:: Work to complete ::
Write out exactly the lines from the one with "Diggin' Your Dog" through the last line of the data below, but not the pictures.

:: Source data ::
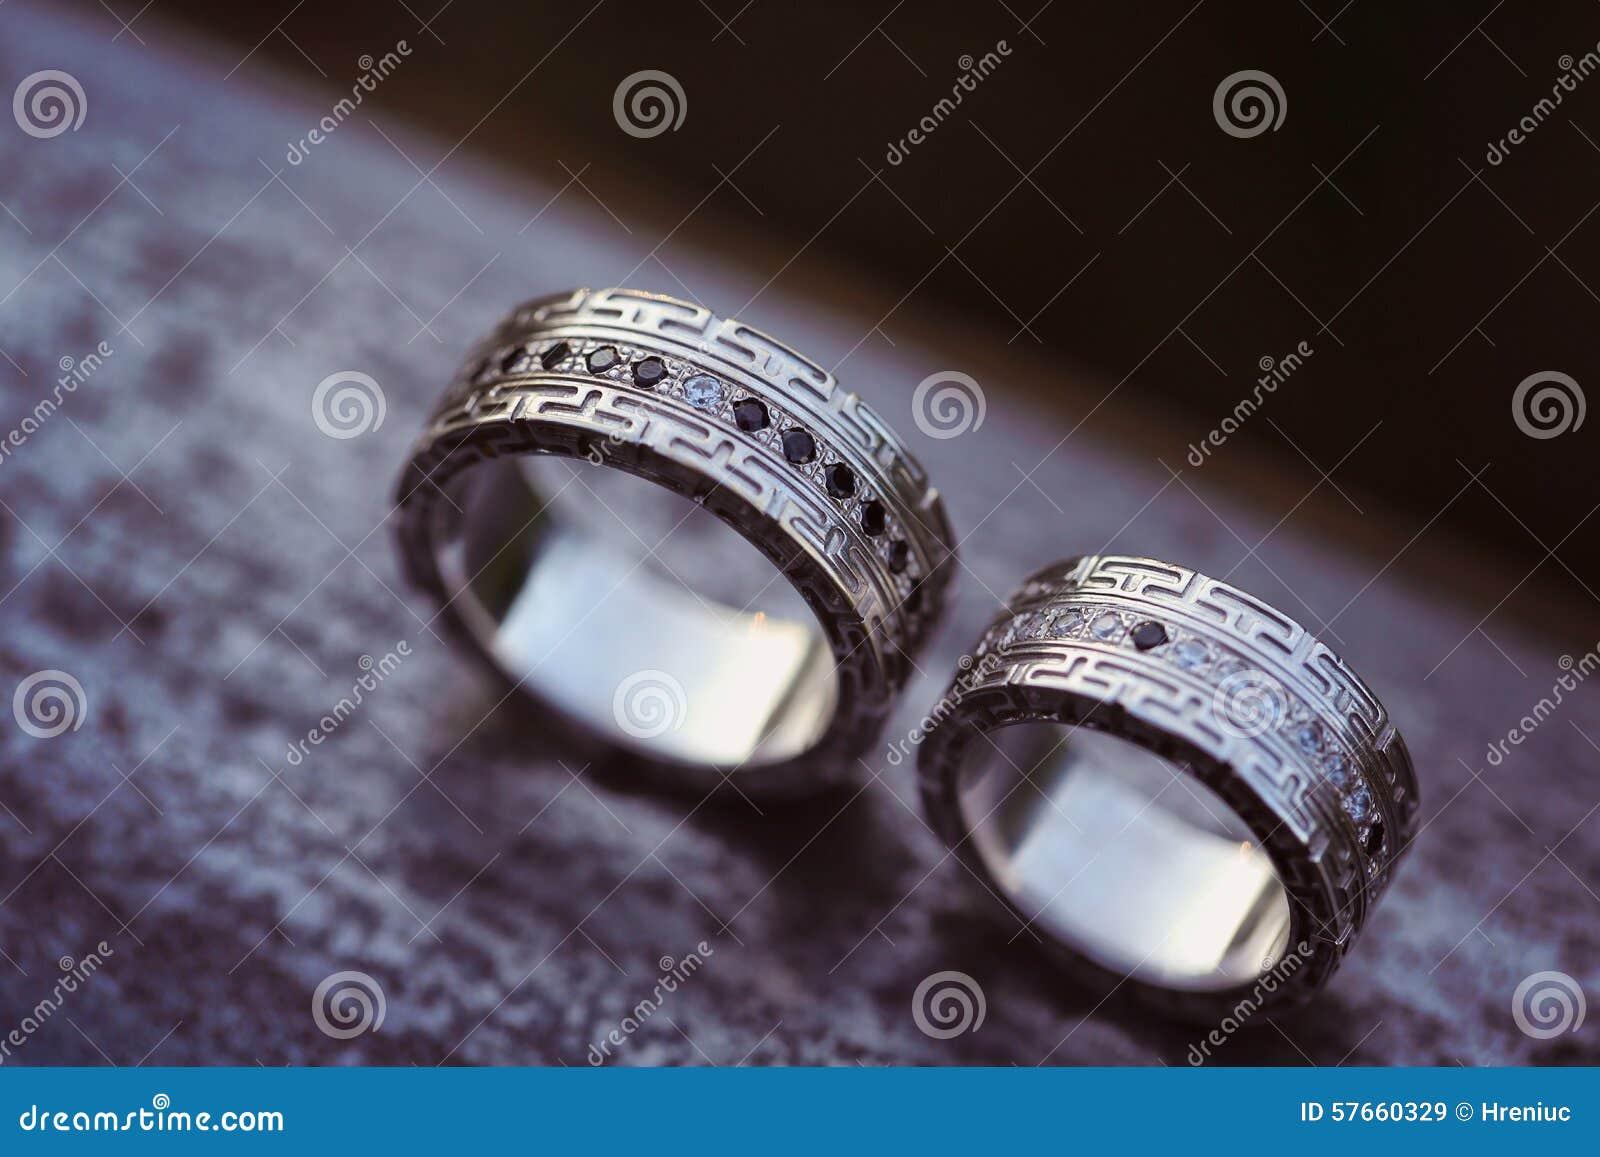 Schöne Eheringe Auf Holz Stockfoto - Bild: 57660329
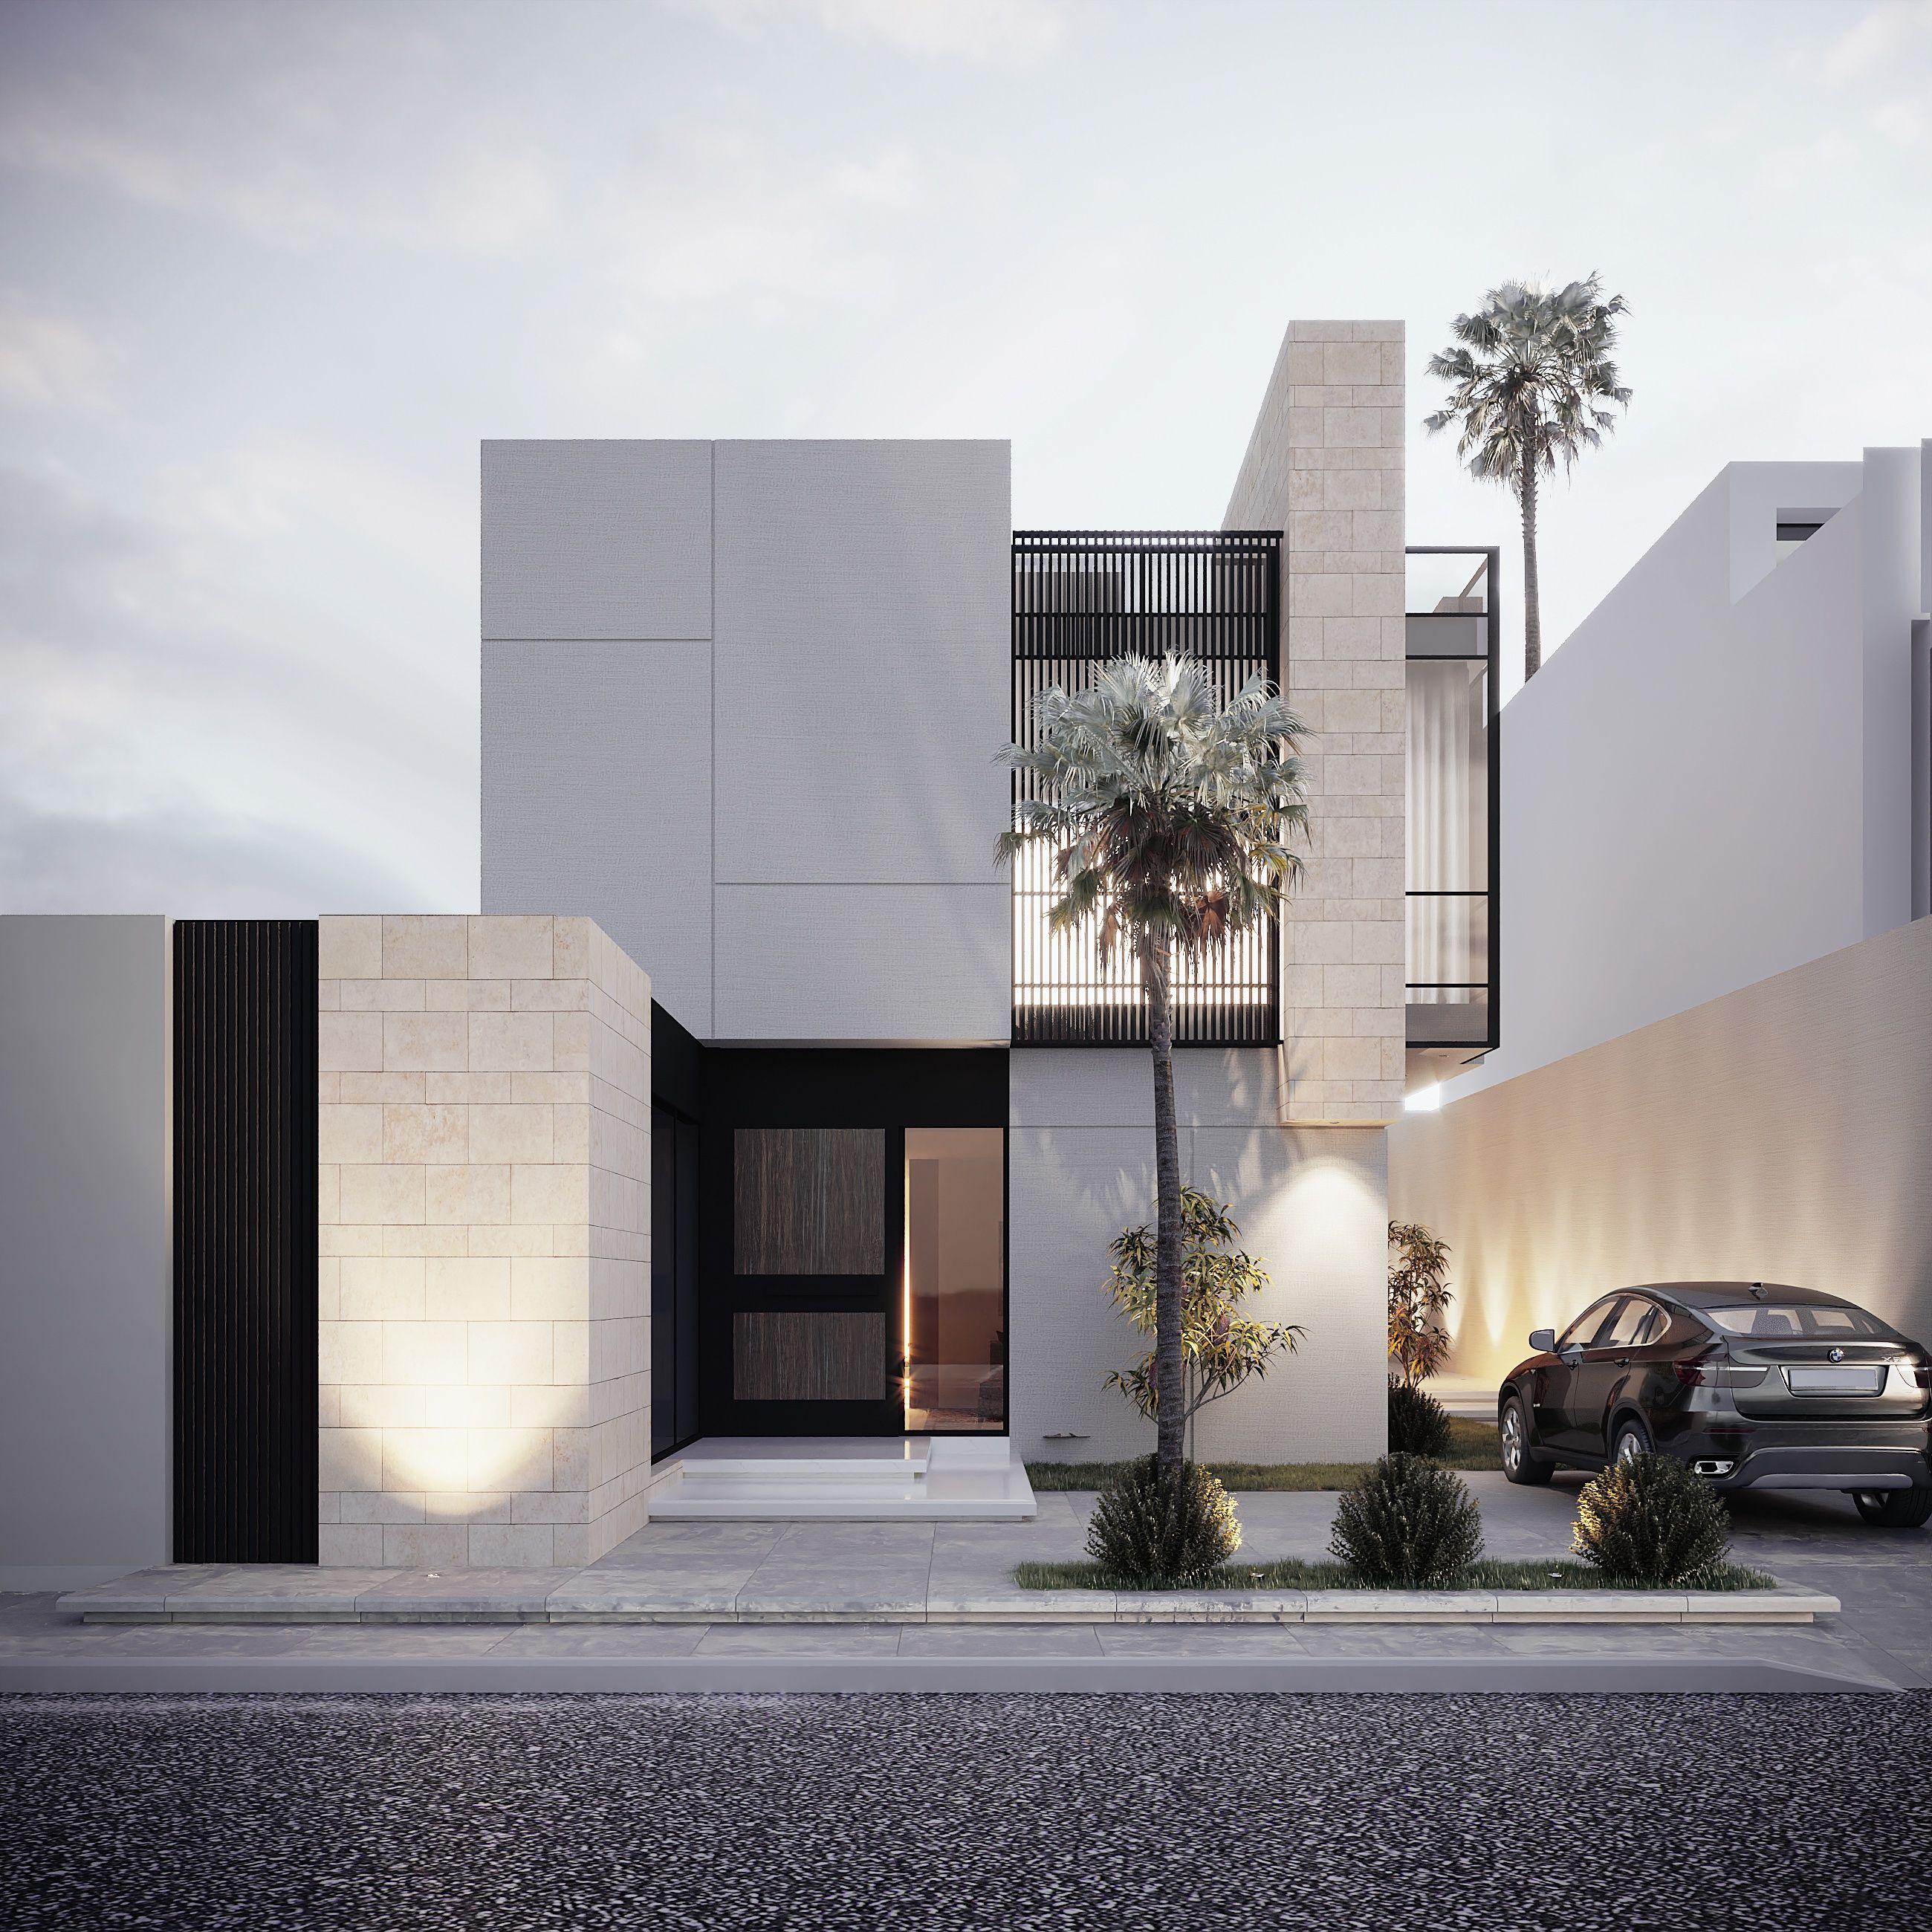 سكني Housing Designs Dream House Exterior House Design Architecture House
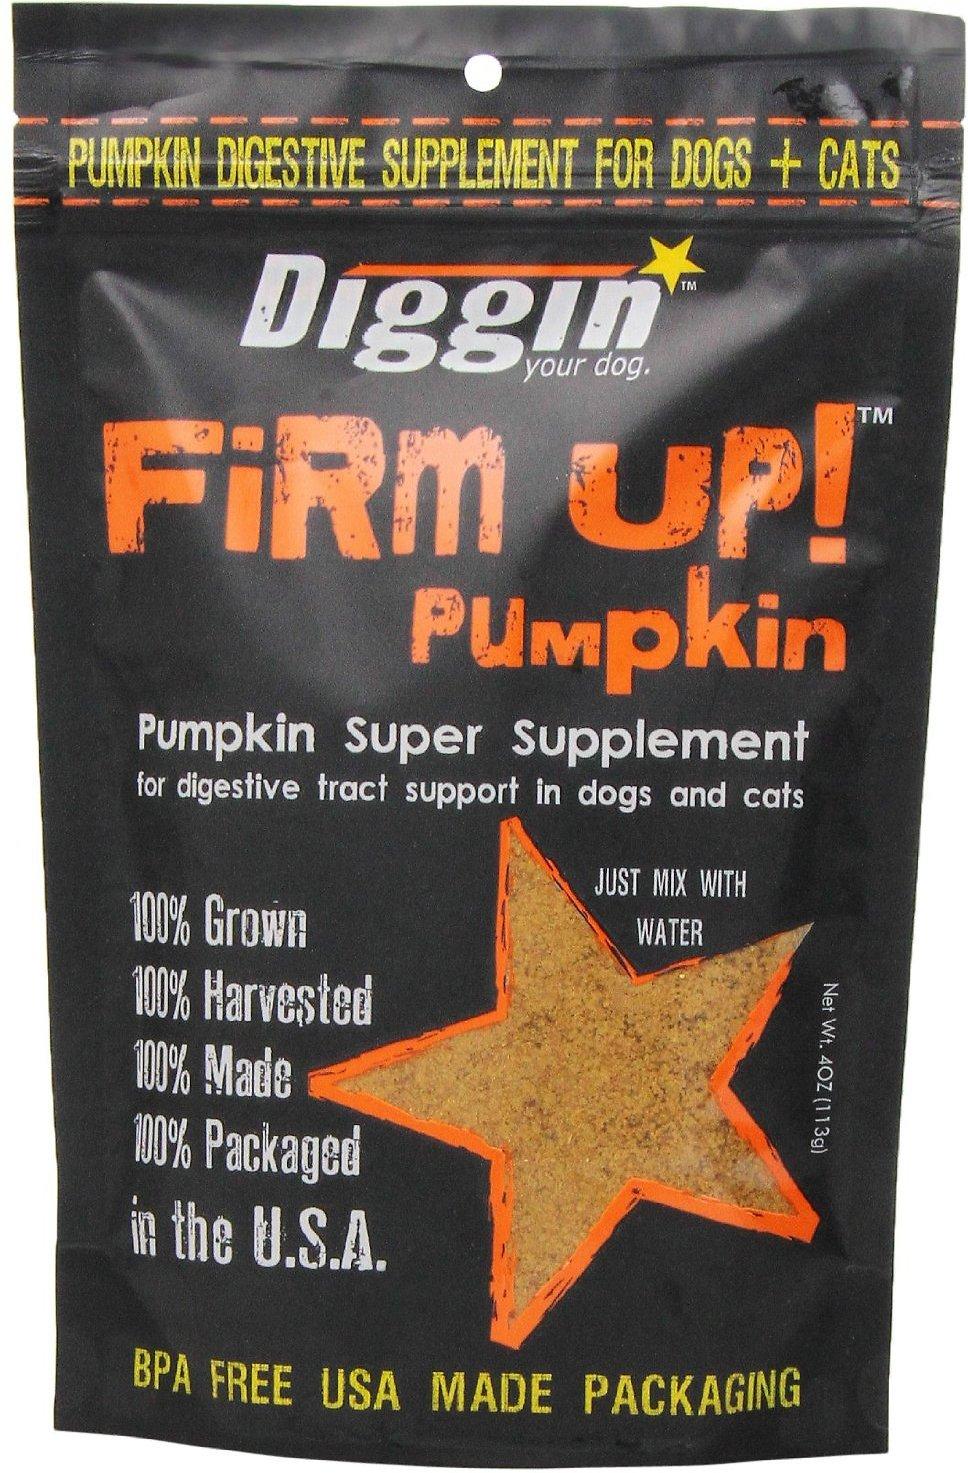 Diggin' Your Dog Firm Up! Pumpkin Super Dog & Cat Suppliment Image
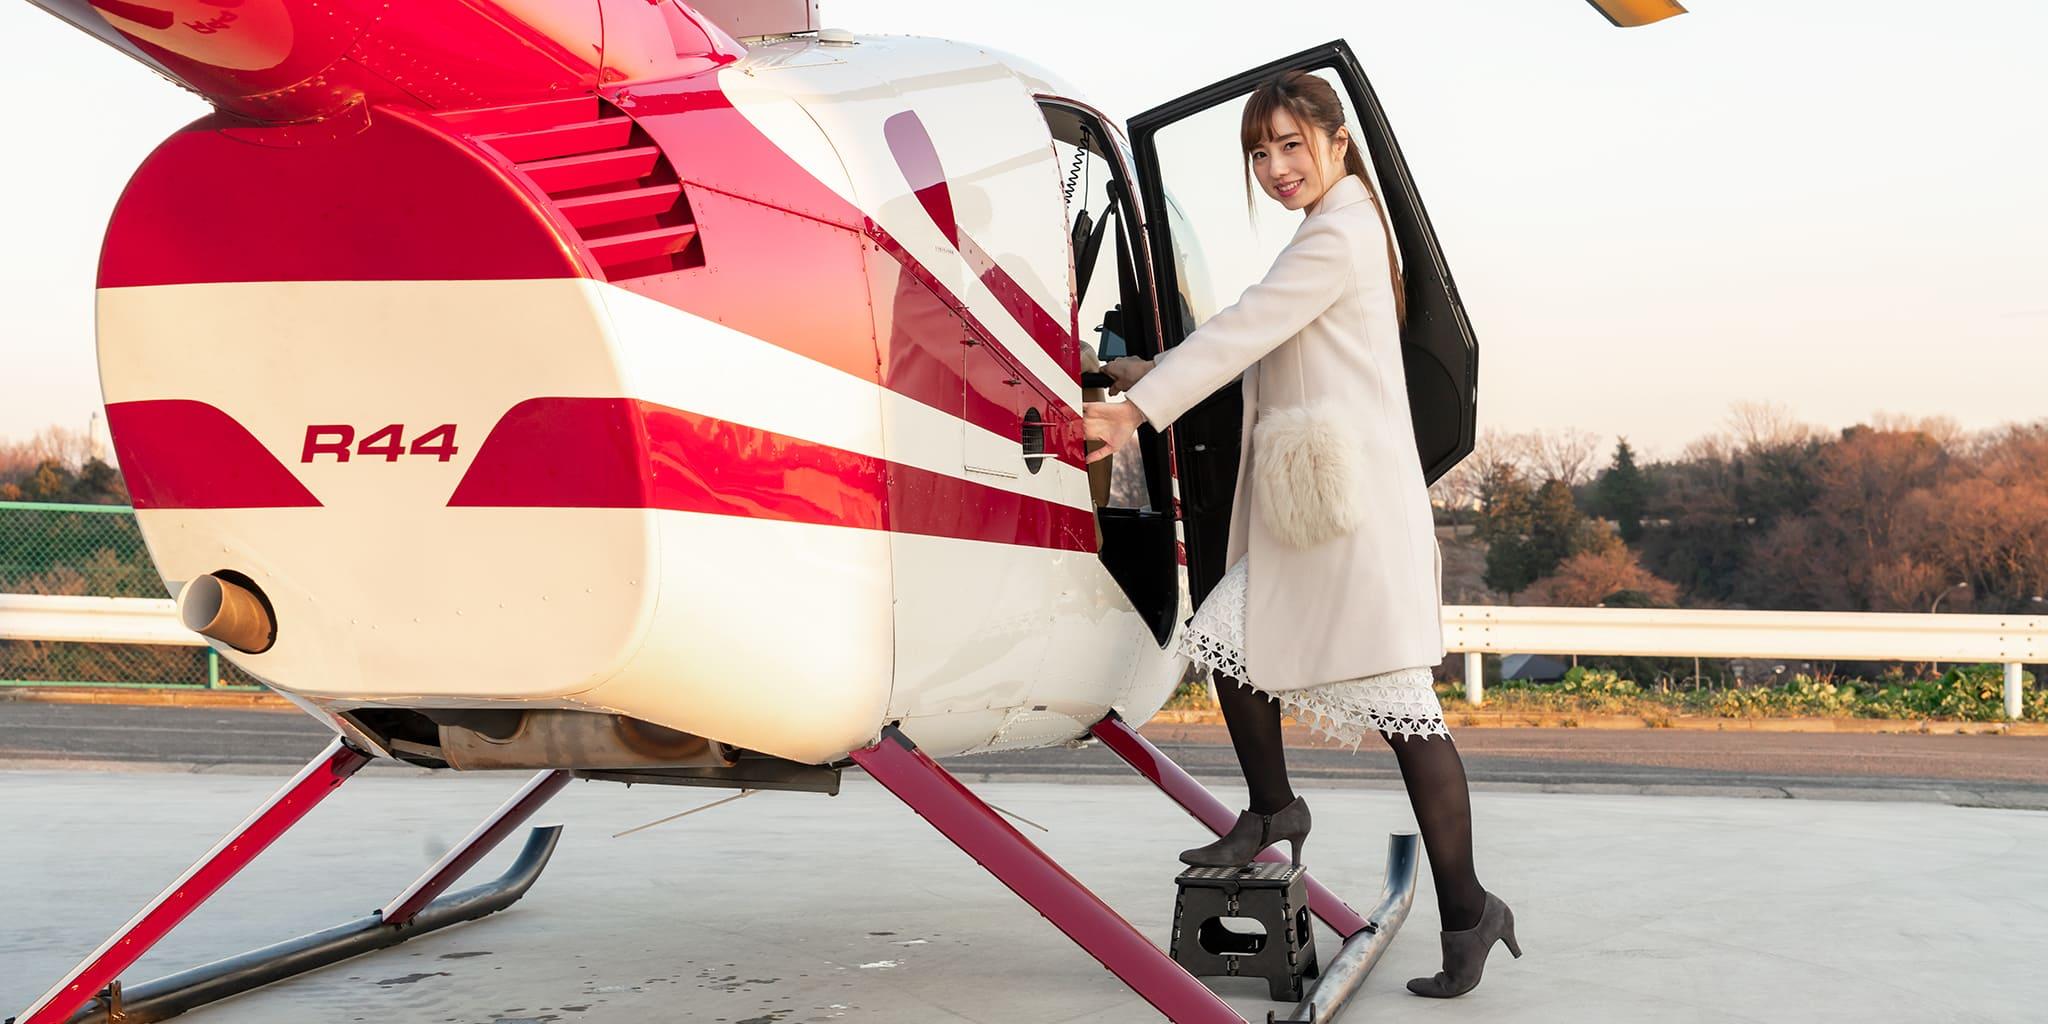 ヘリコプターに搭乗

:: Expected output ::
 Diggin' Your Dog Firm Up! Pumpkin Super Dog & Cat Suppliment Image
 ヘリコプターに搭乗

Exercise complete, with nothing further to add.